DATA SECTION:
====
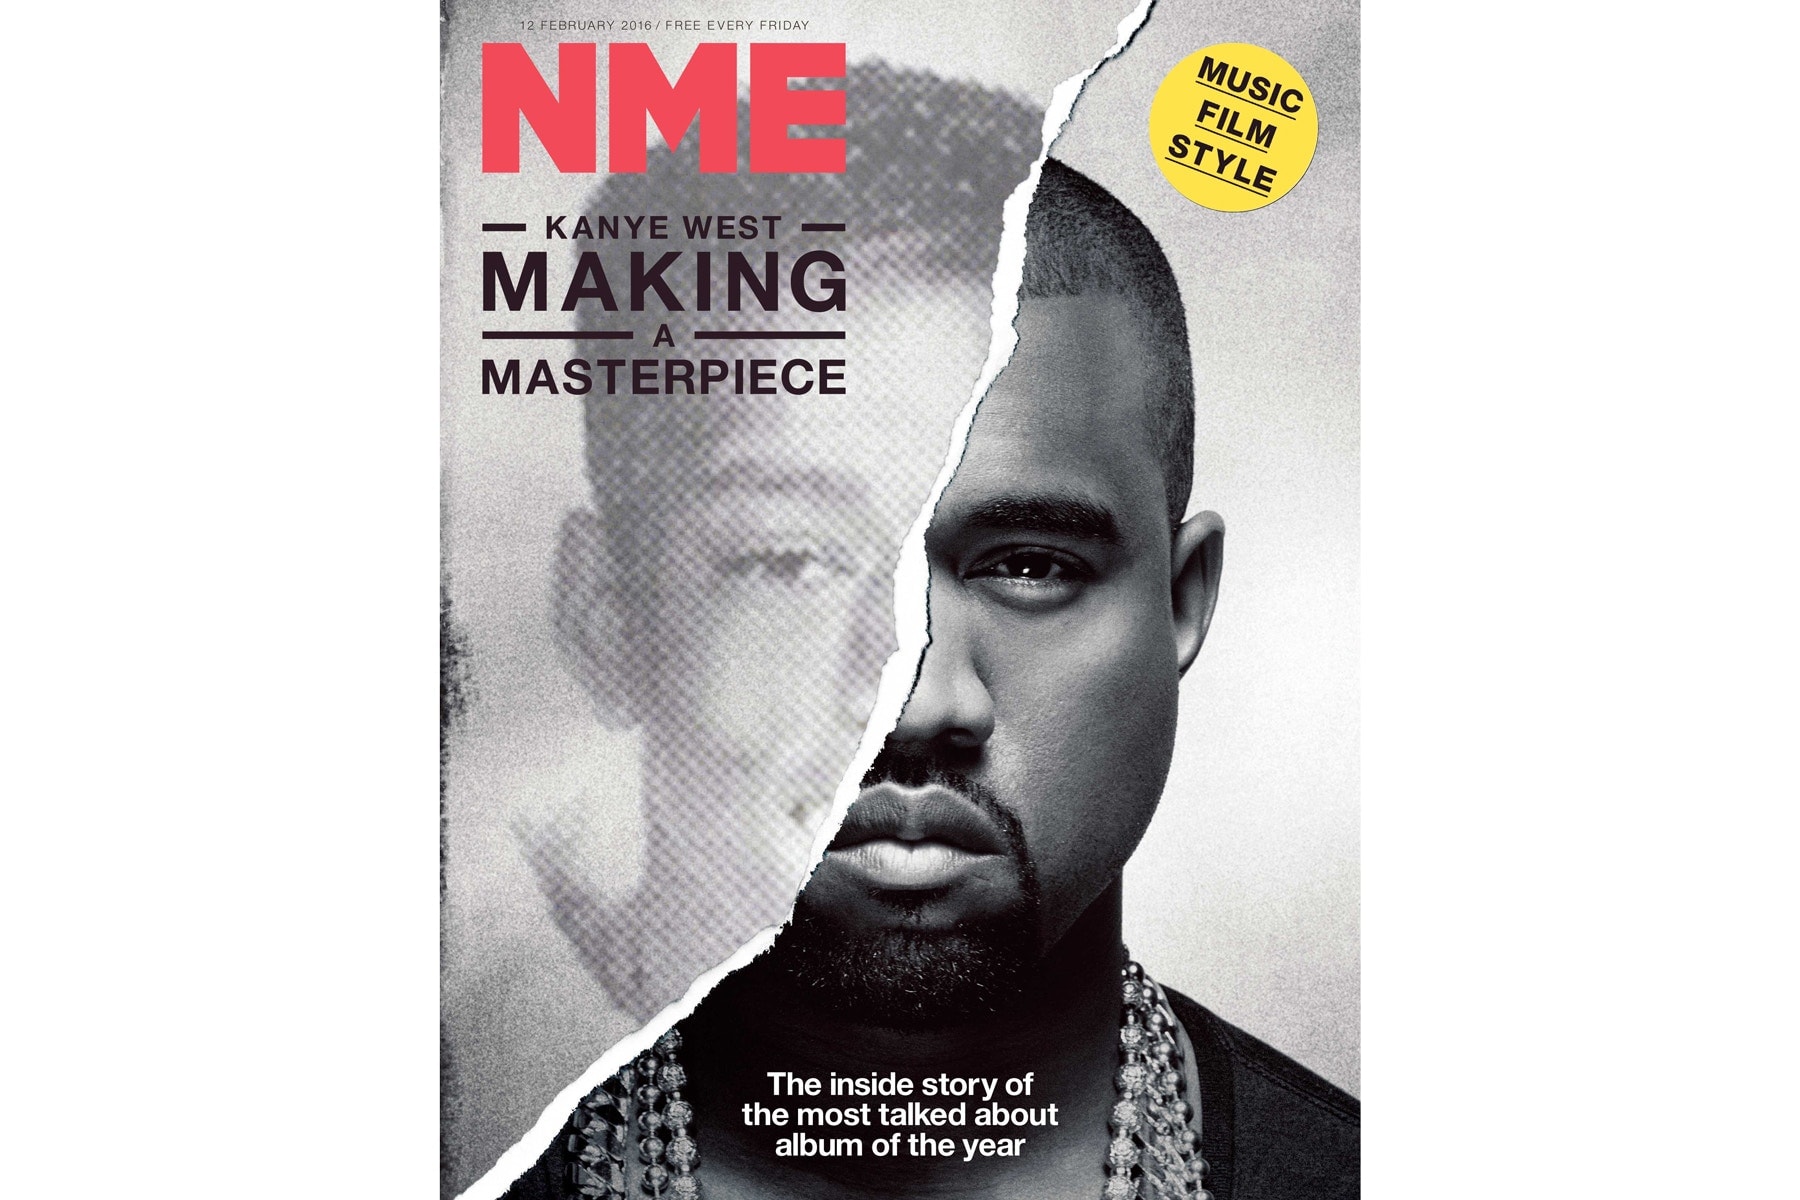 音樂雜誌《NME》宣佈停止發行印刷版本
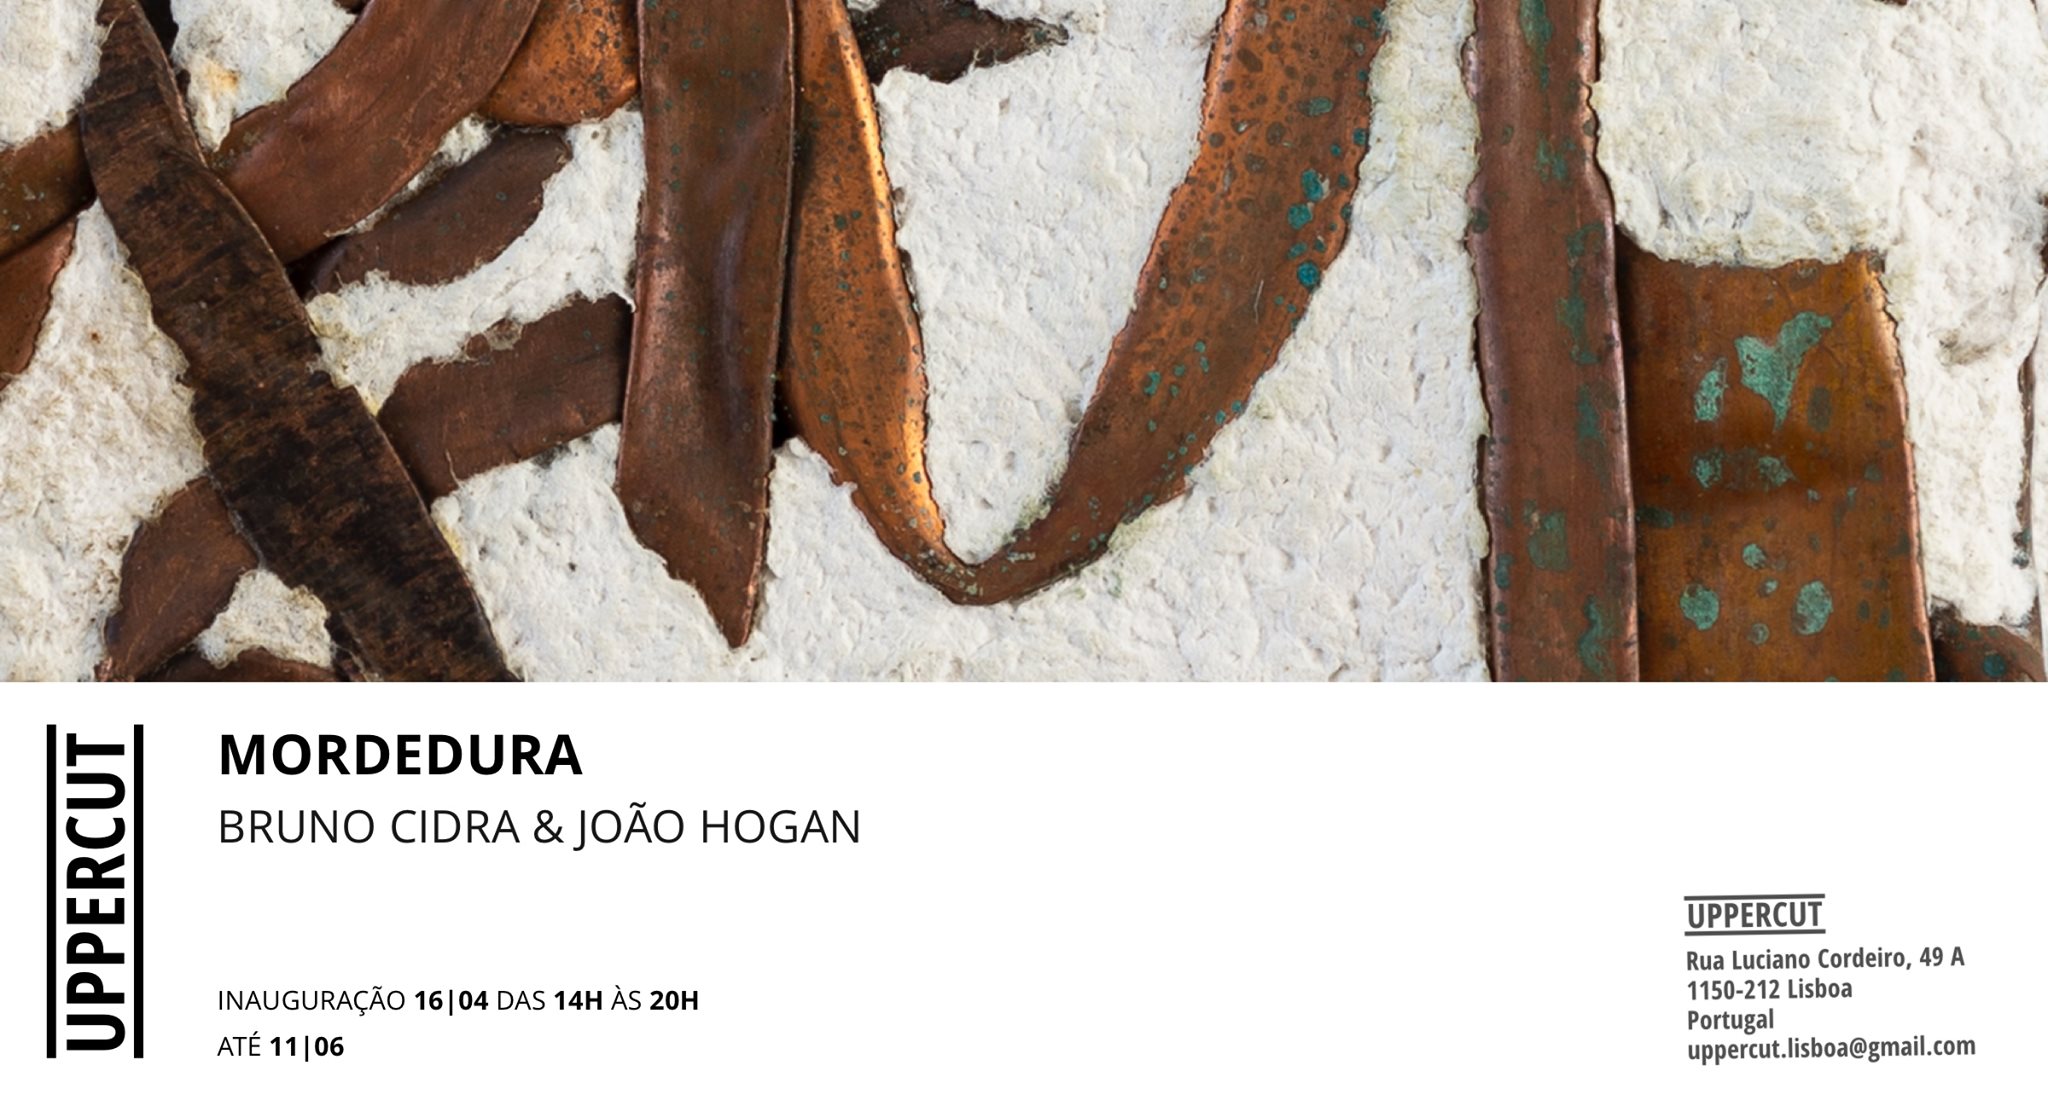 Opening: Bruno Cidra & João Hogan
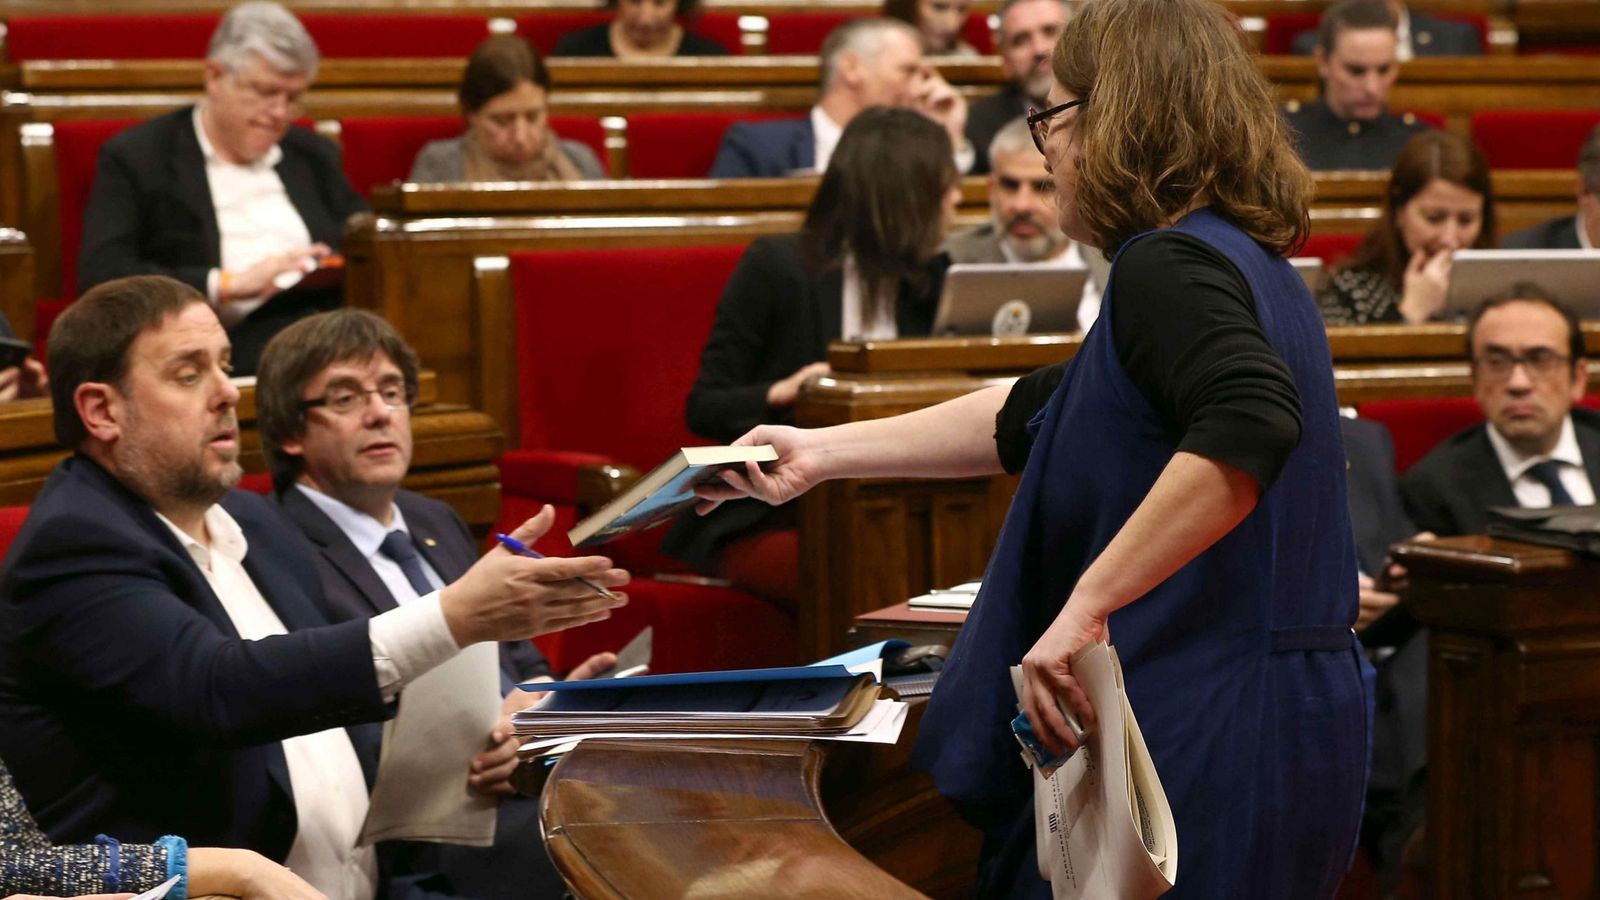 Foto: La diputada de la CUP Euilàlia Reguant le regala un libro al vicepresidente, Oriol Junqueras, durante el debate sobre los presupuestos en el Parlament. (EFE)
====
PROBLEM DESCRIPTION: Would you output the full listing exactly as it stands, minus the images?

WRITTEN RESPONSE:
 音樂雜誌《NME》宣佈停止發行印刷版本
 Opening: Bruno Cidra & João Hogan
 Foto: La diputada de la CUP Euilàlia Reguant le regala un libro al vicepresidente, Oriol Junqueras, durante el debate sobre los presupuestos en el Parlament. (EFE)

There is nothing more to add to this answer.